2
$\begingroup$

I'm trying to fabricate parts to mate an electric motor to a manual car transmission (although, I think this is a more general question).

I need to connect this:

electric motor bolt face

To this:

manual transmission bell housing face

Like this:

motor and transmission set up together

The approach I'm considering is to fabricate two metal plates: one attached to the transmission and the other to the motor, with some bolts/spacers between them, sort of like this: drawing of the assembled motor and transmission

In order to do this, I need to measure the existing parts accurately--specifically I want to find the X/Y positions of the bolt holes and the output/input shafts. The most important thing is that, with everything assembled, the rotating shafts line up precisely, so I need to ensure the holes on the plates properly align with each other.

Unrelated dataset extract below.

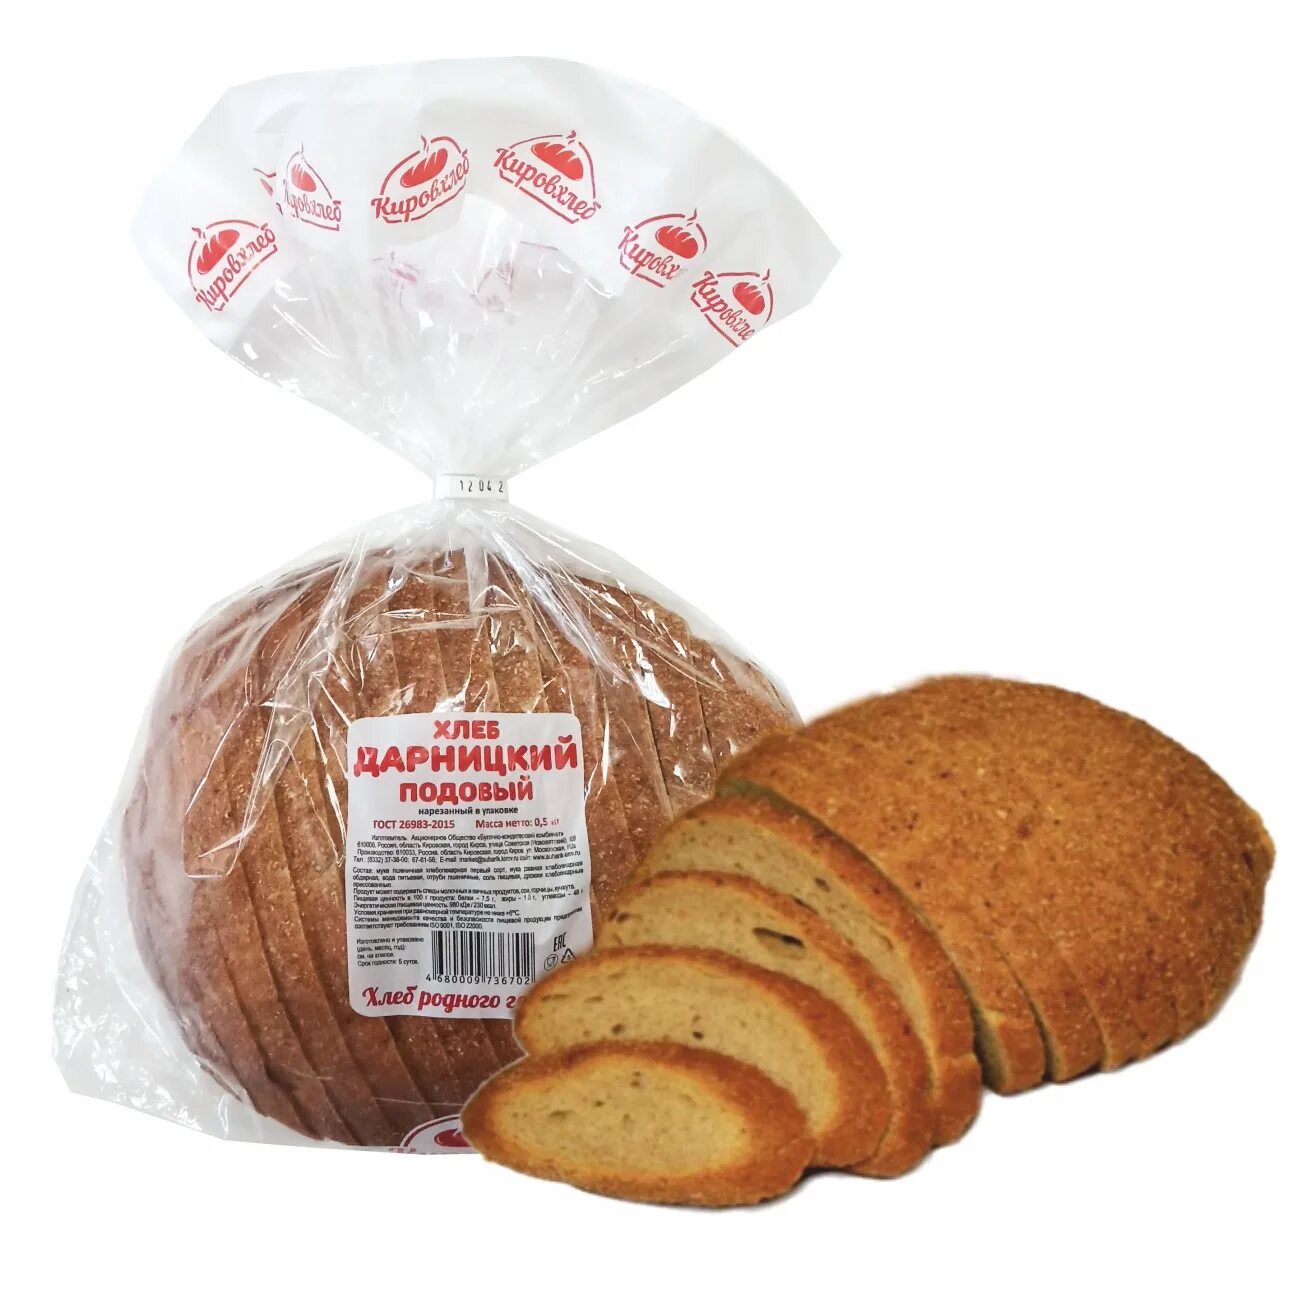 Подовый хлеб это какой. Хлеб Дарницкий подовый. Хлеб ржаной подовый. Подовые хлебобулочные изделия. Хлеб подовый в упаковке.

However, this has been challenging. The parts are large and heavy, have complex 3d shapes, and are sitting on a concrete garage floor that isn't necessary flat and level.

I've tried a few techniques:

  • Using a combination of calipers and a metal ruler (where the distance was larger than the caliper could reach) to measure from the closest edges of the holes to each other, or to other features, the using either Fusion 360 dimensional constraints, or a spreadsheet, to nudge things around until the dimensions are close. There seems to be enough error with my measurements, even when I thought I was being careful, that things generally don't line up well when I've done test cuts.
  • Taping a large piece of graph paper to the part, then tracing around the holes (by putting a pen through the hole where possible, or by following where the paper indents into the hole from the other side), then measuring along the graph paper with a ruler. Or, where possible, scanning the graph paper on a flatbed scanner and trying to measure with programs like Gimp or Inkscape. It's hard to get the pen marks exact, especially on deep holes.
  • Taking a picture with a camera, then trying to adjust the rotation and scale along each axis to correct it in a vector editing program. There is always quite a bit of distortion and I haven't been able to get anything to match, no matter how carefully I try to match the camera.
  • I did try iPhone LIDAR, but it's not nearly precise enough.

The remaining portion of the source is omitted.